John Scalzi, a science-fiction author whose works (Old Man’s War, The Ghost Brigades, The Android’s Dream) I’ve been enjoying over the past several months, has a column over at AMC’s SciFi Scanner section. Today’s entry is entitled “Doom for Dummies or How Hollywood Makes Video Game Movies“. ((I don’t want to spoil the column for you, but if the title were a question (a la, “How babby is formed?”) the answer would be “badly”.))
Now, there’s been some debate recently about whether slavishly reproducing the original source for movies adapted from other media is good or bad. Movies like Harry Potter and the Sorceror’s Stone and, more recently, Watchmen, tend to hew very close to their source, whereas films like The Lawnmower Man and Blade Runner bear very little resemblence to the works from which they are derived. Video games tend to fall into the latter category, as what’s ultimately delivered to theaters (or straight to the shelves at Blockbuster) often shares little more in common with the game than the name.
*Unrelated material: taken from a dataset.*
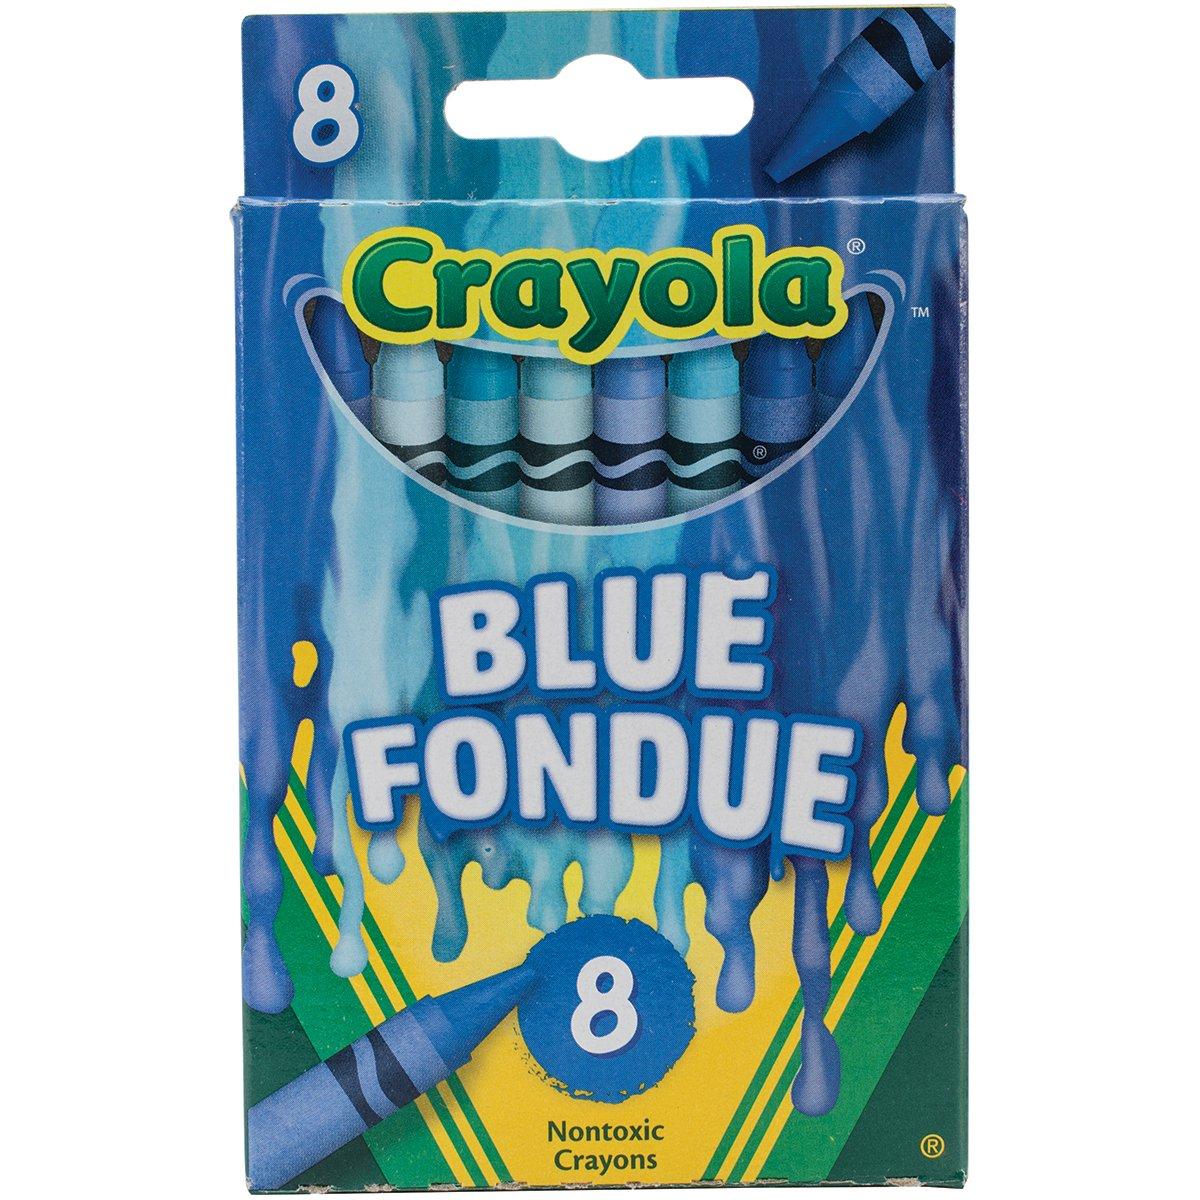 Crayola 5242-09A00 Meltdown Crayons, 8 Pack, Blue Fondue
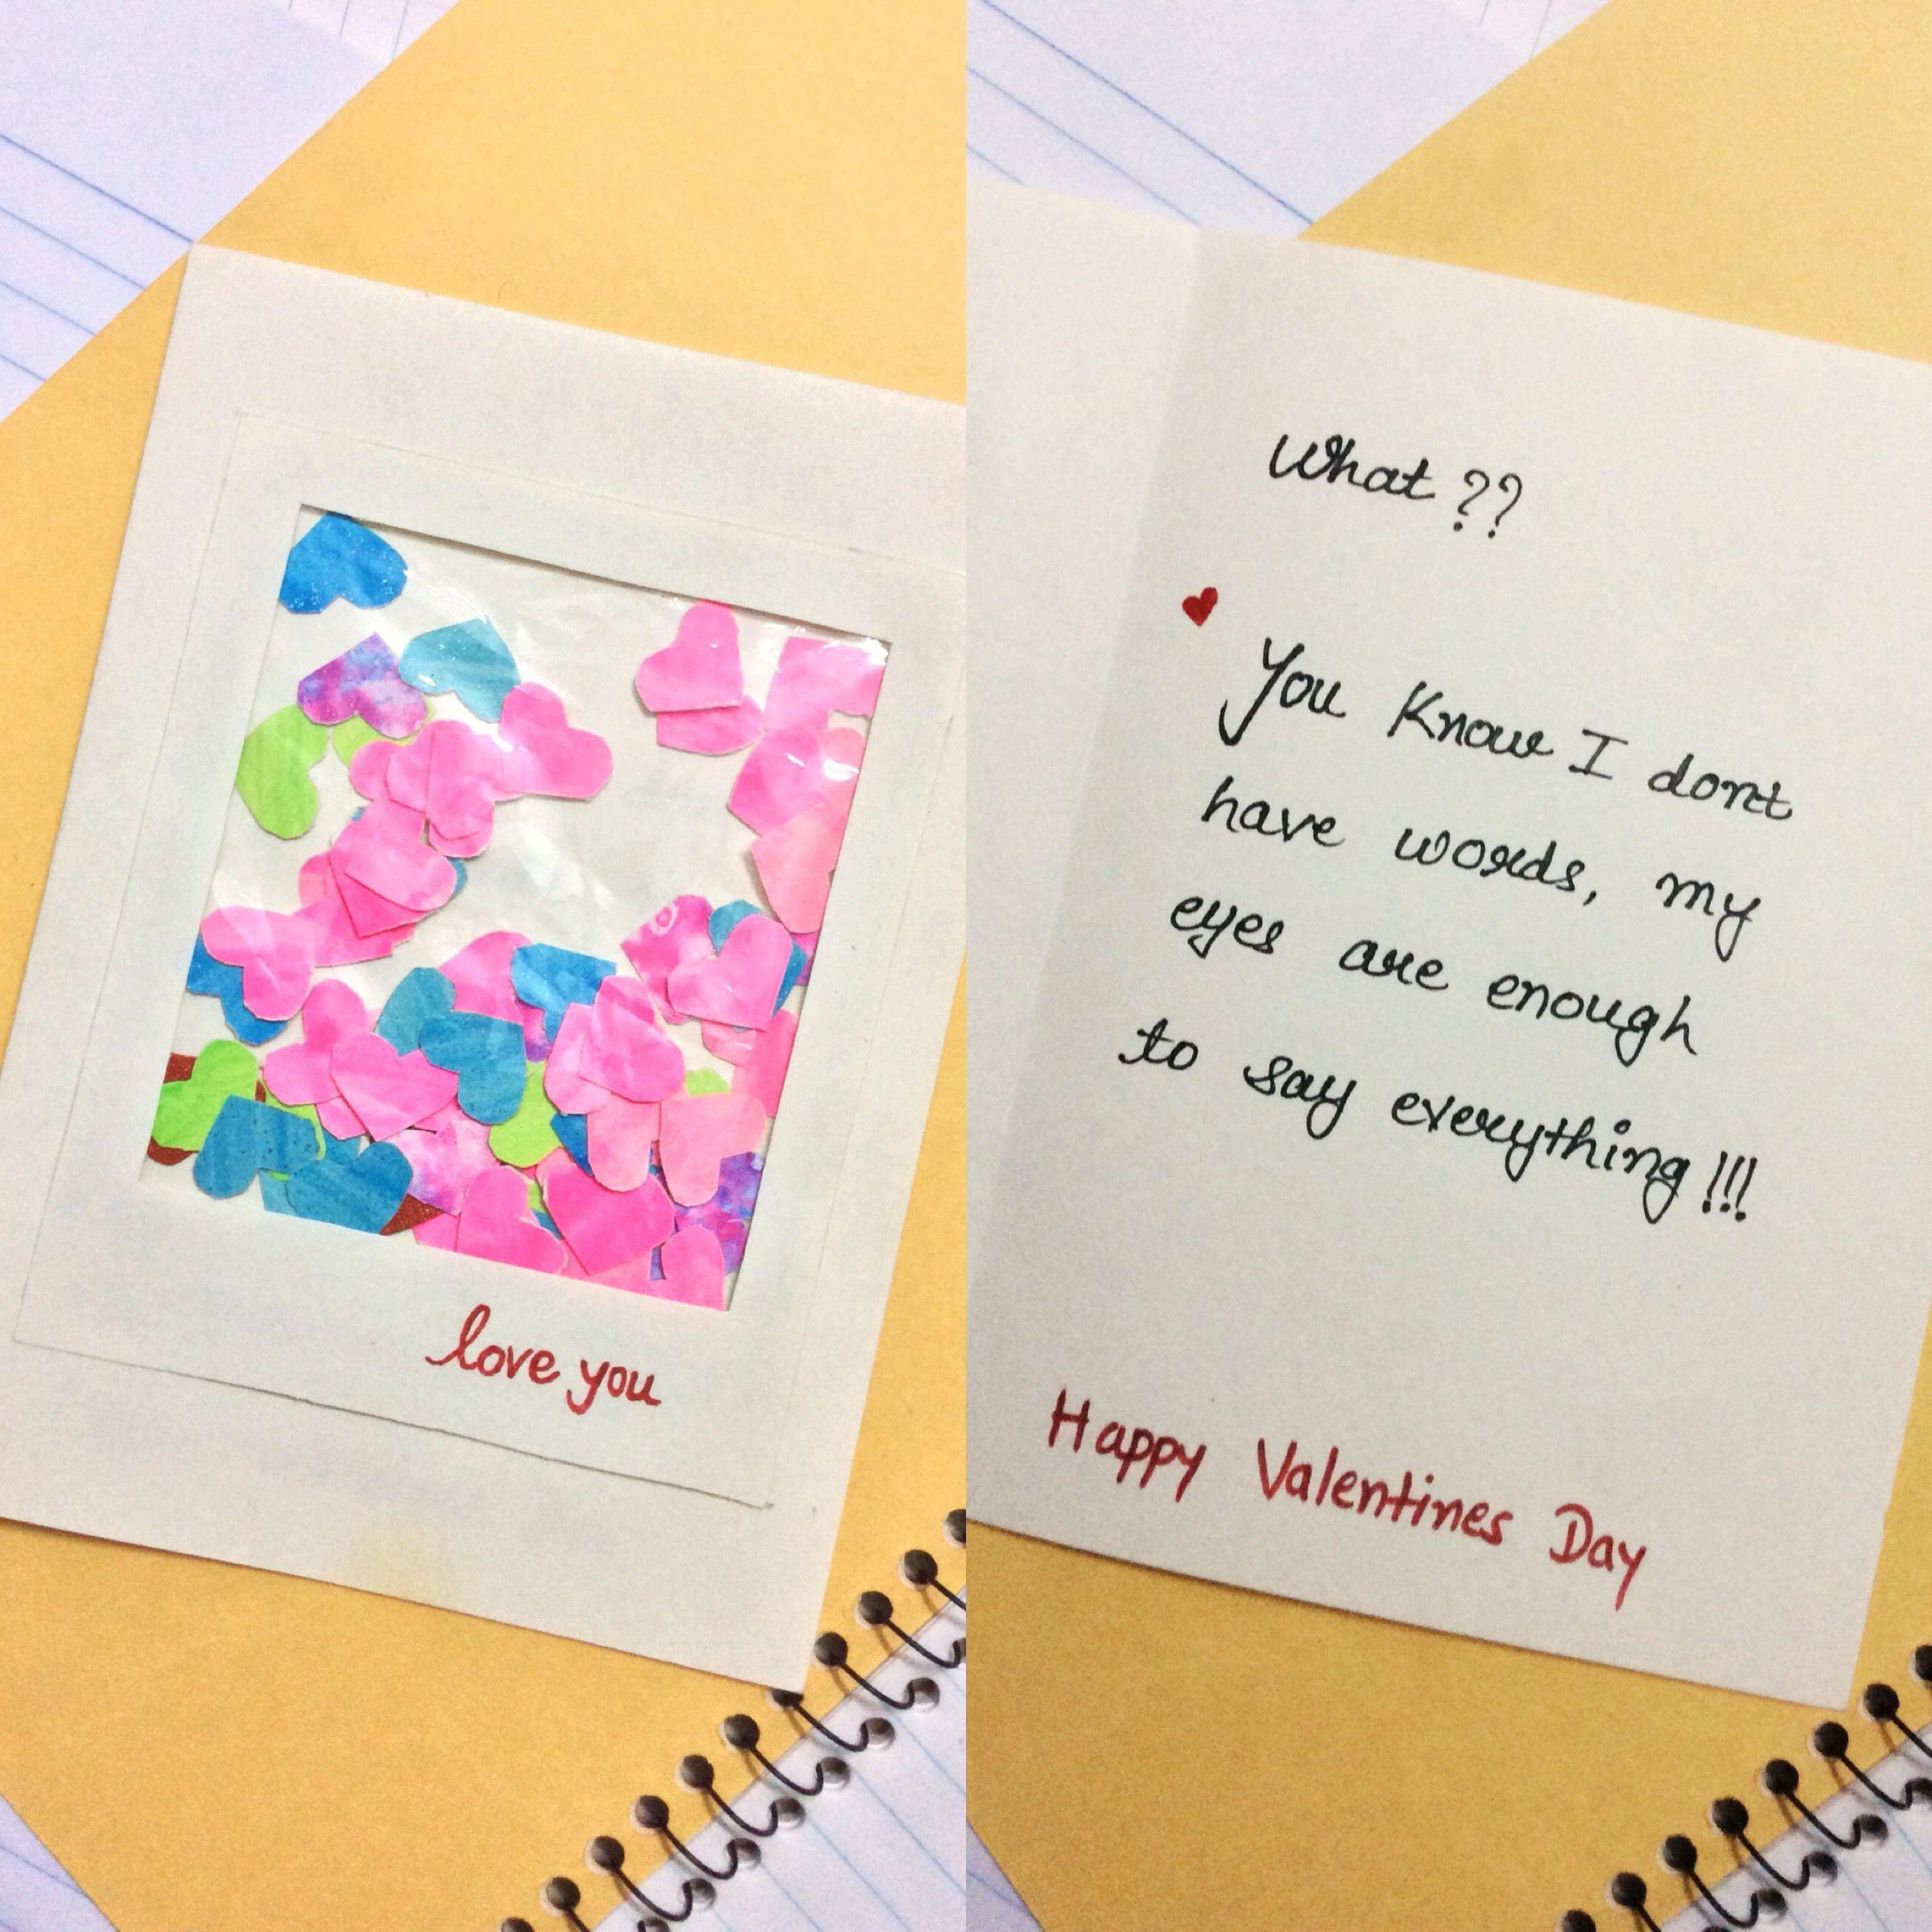 Valentines Day Card Valentine Day Weekly Cards Making Diy Crafts For Husband Wife Boyfriend Girlfriend Ha Cards Handmade Paper Crafts Diy Kids Valentines Cards

For a fine example of this, see In the Name of the King: A Dungeon Siege Tale. ((Actually, don’t. Really. Skip it. You’re better off not knowing.))
Now, having recently seen Watchmen, which is a movie adapted from a comic book mini-series, I’m of the opinion that sticking as close as is reasonably possible to the source material can result in a pretty good film. On that basis, and that basis alone, I am recommending that filmmakers attempt more faithful recreations of video games when adapting them to the screen. There are some elements that simply won’t transfer well—such as the character’s health bar and the fireworks display any time he or she levels up, or the constant chugging of mana and health potions—but I think there’s one common video game element that filmmakers consistently overlook when adapting from console to screen, an element that is well within a director’s ability to recreate faithfully, a nod to fans that is both simple to accomplish and will be instantly associated with the source material.
I’m talking, of course, about crappy camera angles.
If Lara Croft were, in the midst of a potentially deadly encounter with one of the many dangerous creatures one comes across while raiding tombs, suddenly obscured from view for several seconds because the camera swooped behind an outcropping of rock for some damn reason, anyone in the audience who had actually played the game would instantly identify with the moment.
If Max Payne were to duck down an alleyway and disappear because the camera didn’t follow him, only to be brutally attacked by a hidden, hellborn beast that the audience couldn’t see because why the hell isn’t the camera moving? I can’t see what the hell is happening! the audience would know beyond a doubt that the original source material had been treated with kid gloves. “Yes!” they would cry. “Yes! At last, here is a filmmaker who understands the video game experience!”
The only way to further immerse the audience into the events unraveling on the screen would be to give them controllers to throw at it.